• _EXERCISE OBJECTIVE_: Would you transcribe the listing exactly as it stands, minus any images?

══ DATASET CONTENT

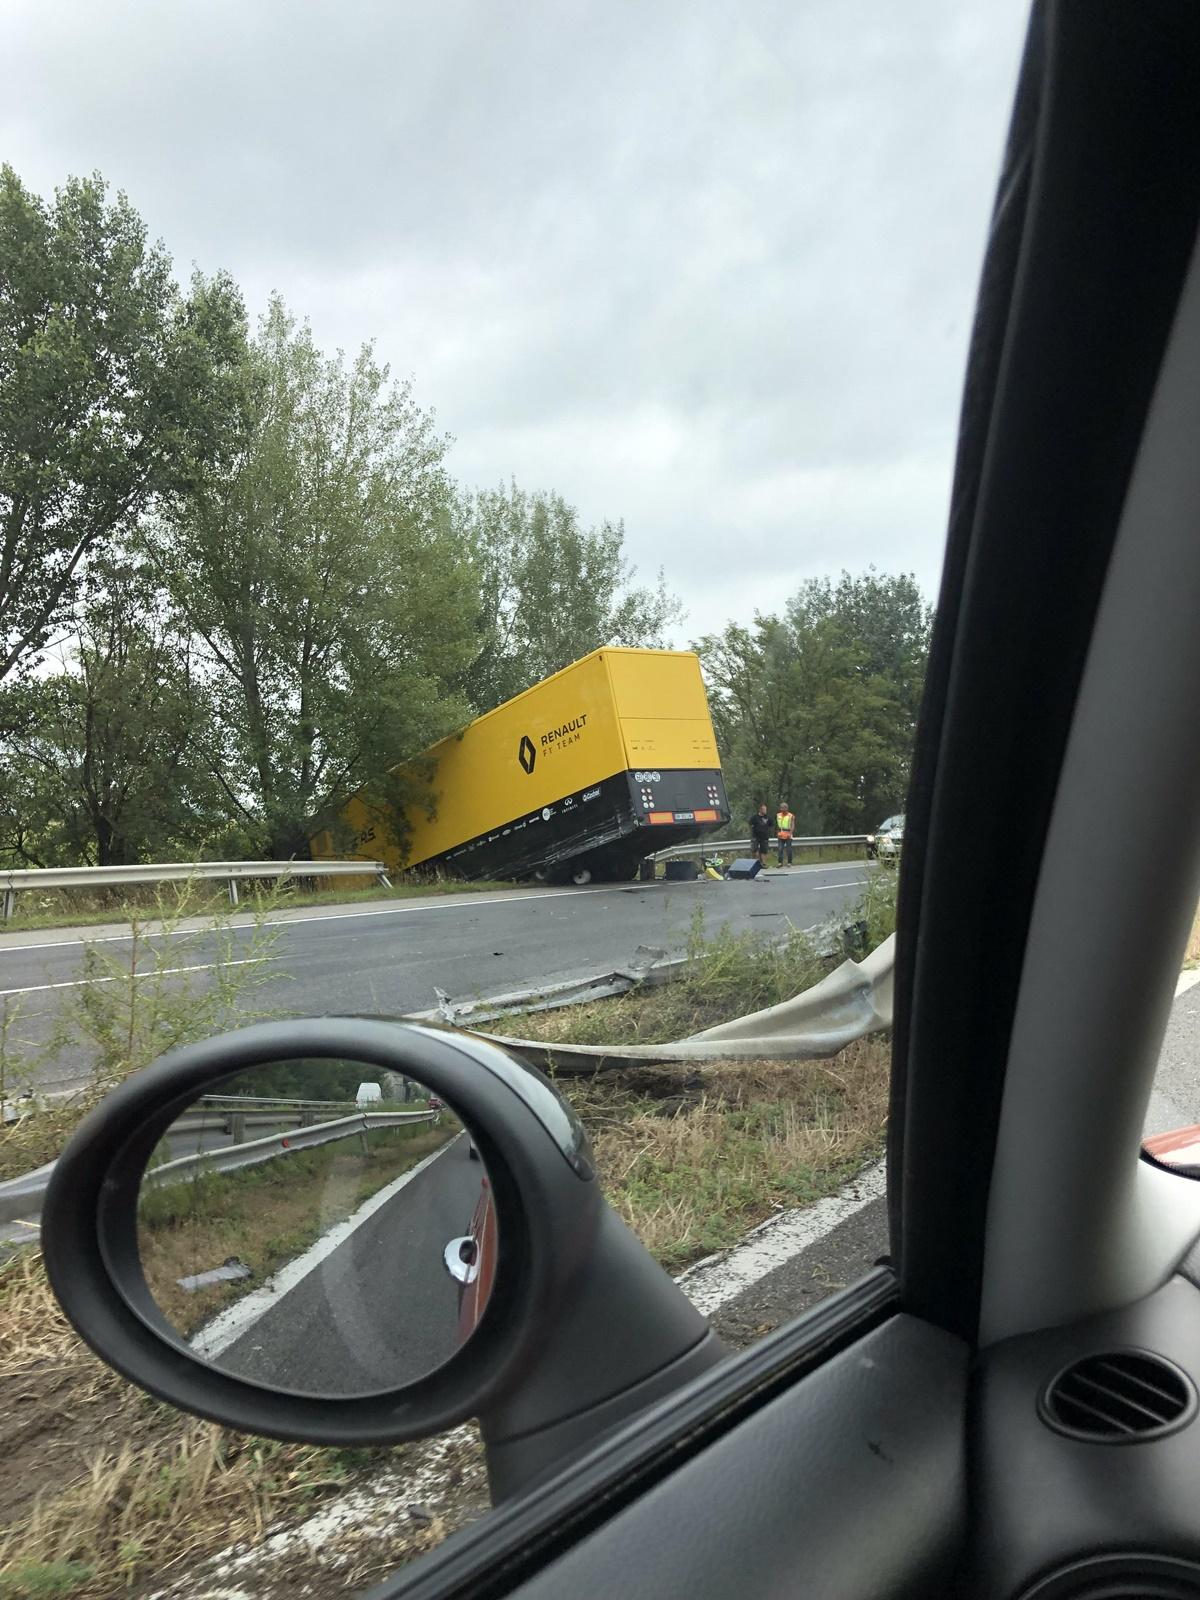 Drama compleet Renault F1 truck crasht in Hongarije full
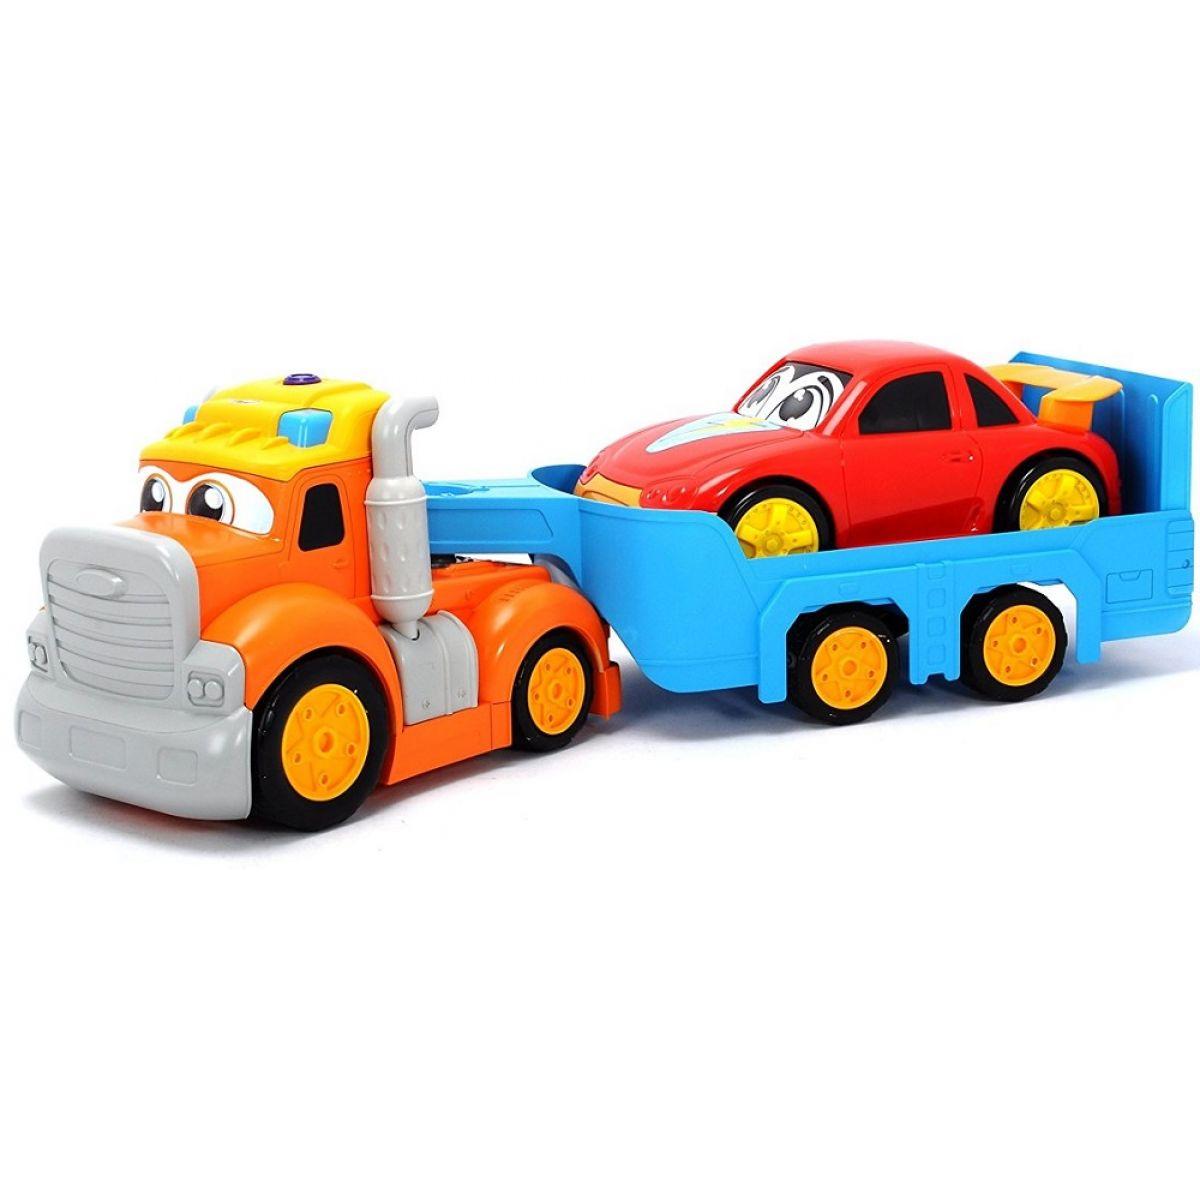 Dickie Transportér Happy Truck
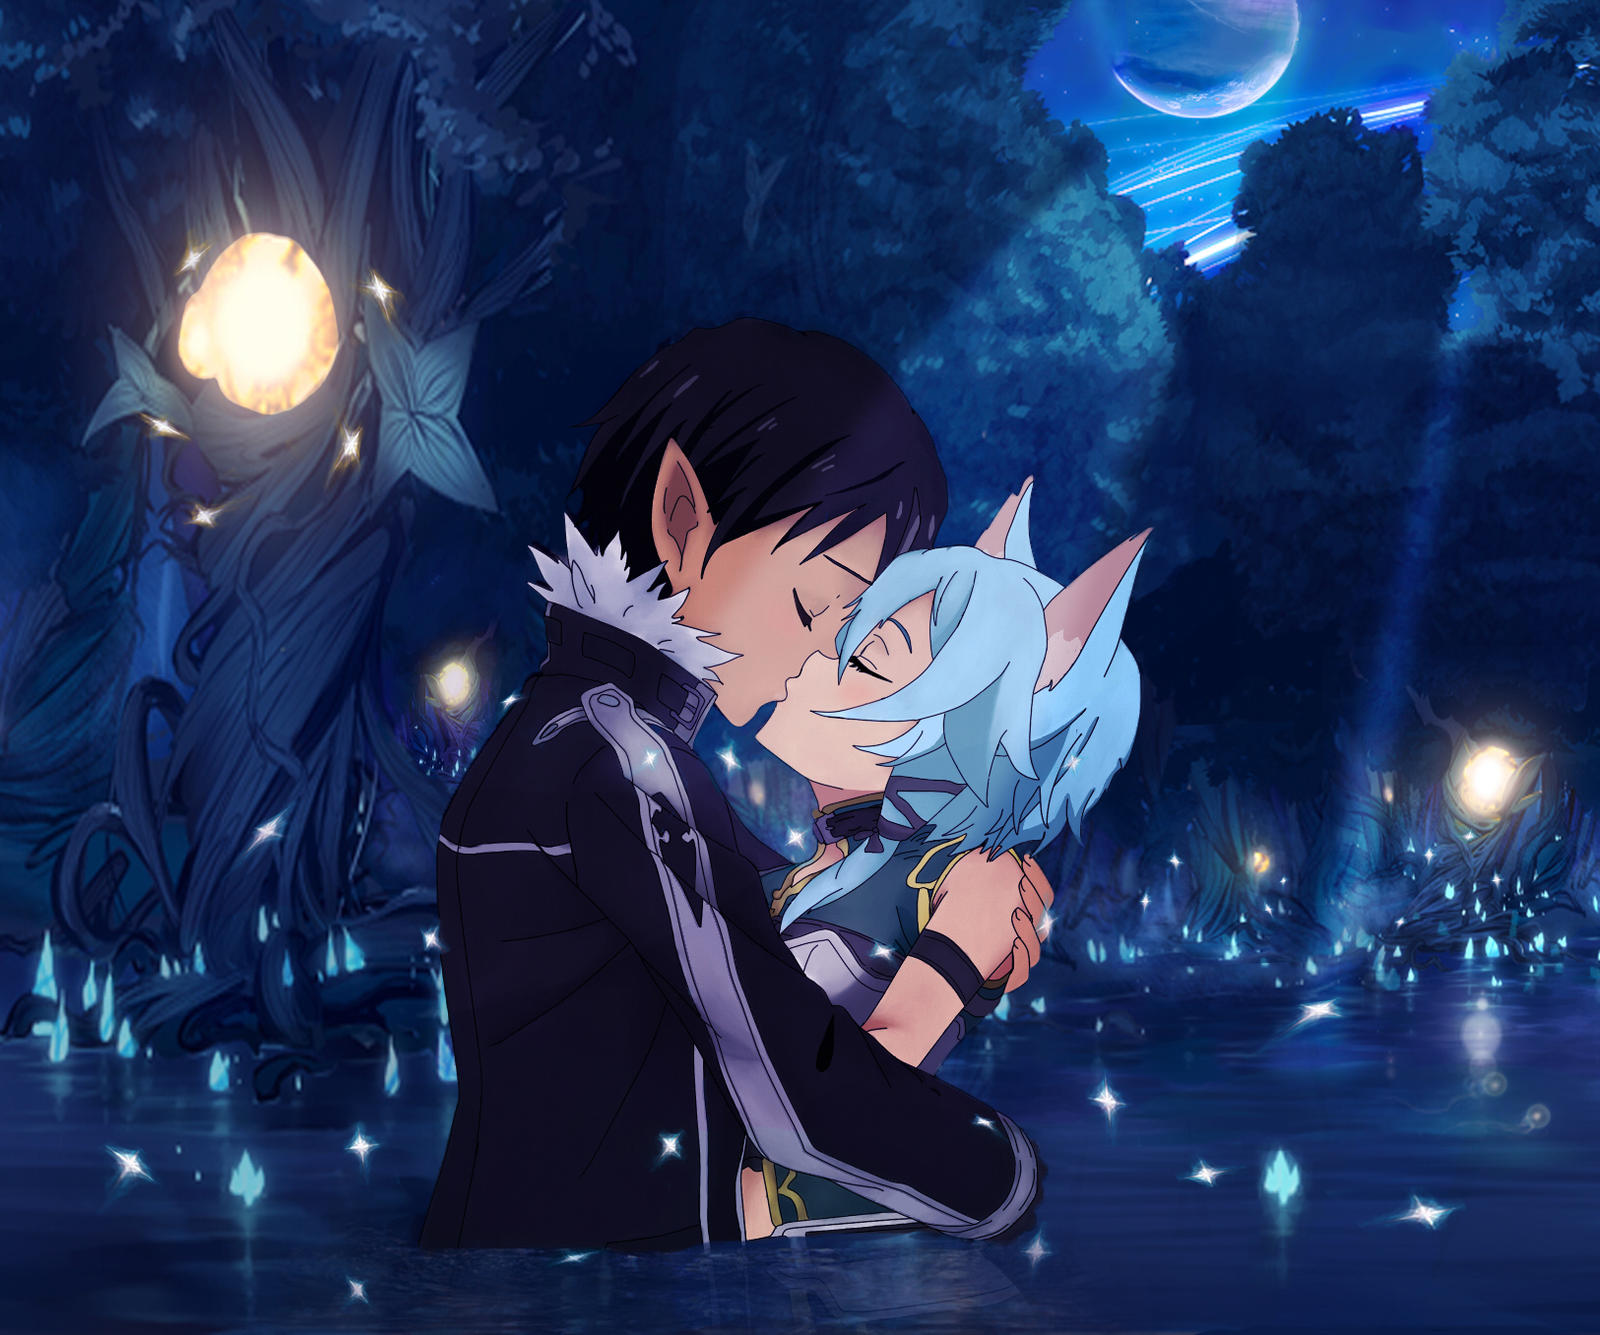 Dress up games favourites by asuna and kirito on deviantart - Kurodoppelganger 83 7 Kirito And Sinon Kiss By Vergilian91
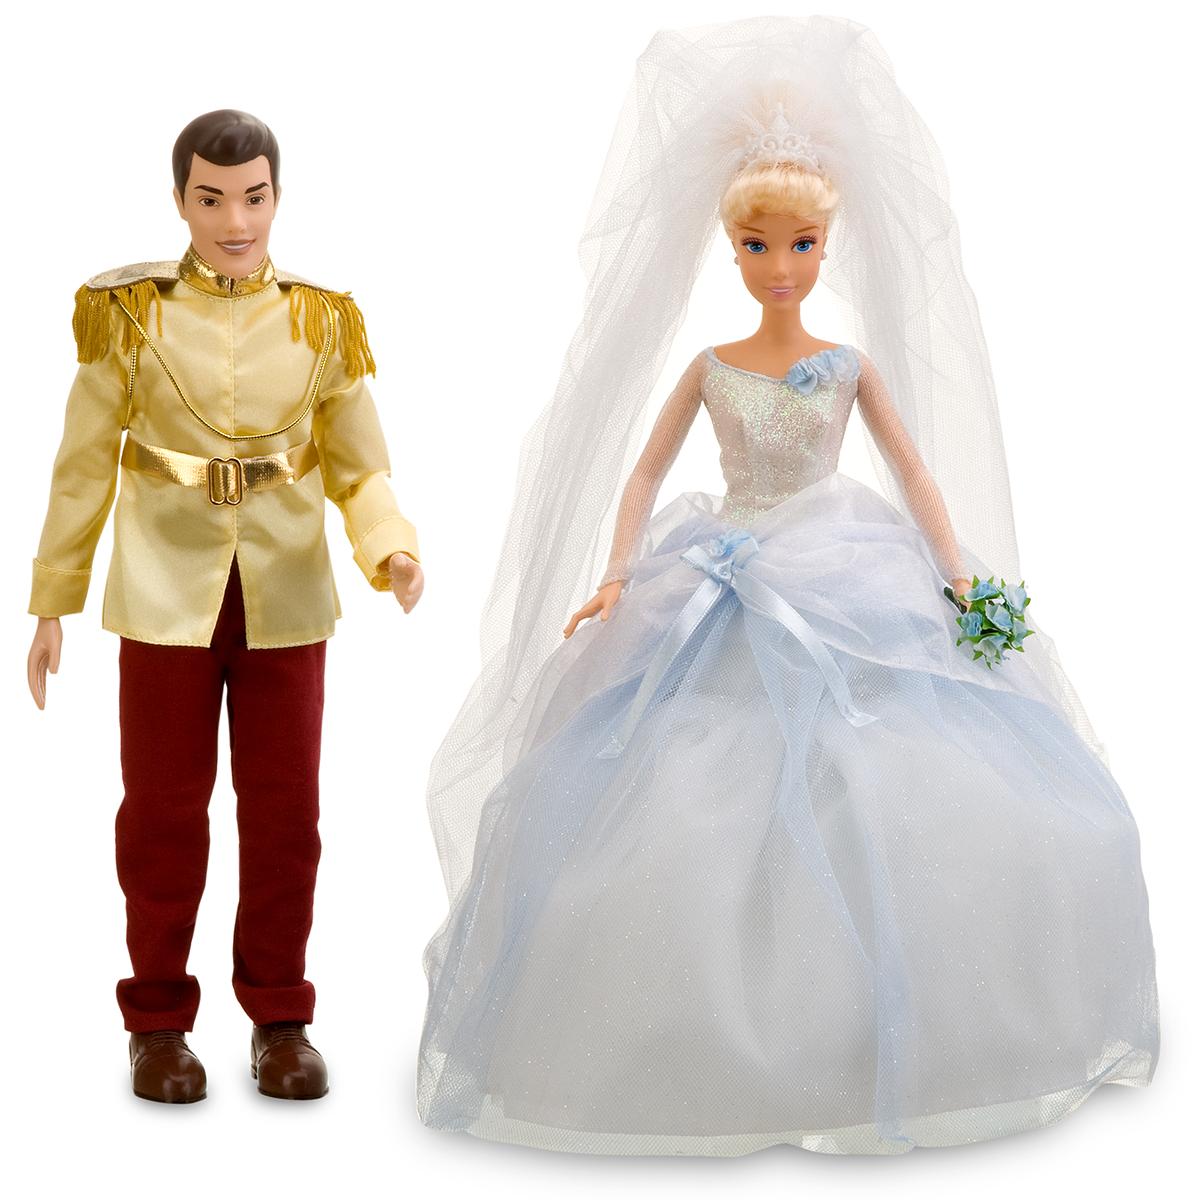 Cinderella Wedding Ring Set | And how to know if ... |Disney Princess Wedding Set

════

• _WRITTEN ANSWER_:
 Drama compleet Renault F1 truck crasht in Hongarije full
 Dickie Transportér Happy Truck
 Dress up games favourites by asuna and kirito on deviantart - Kurodoppelganger 83 7 Kirito And Sinon Kiss By Vergilian91
 Cinderella Wedding Ring Set | And how to know if ... |Disney Princess Wedding Set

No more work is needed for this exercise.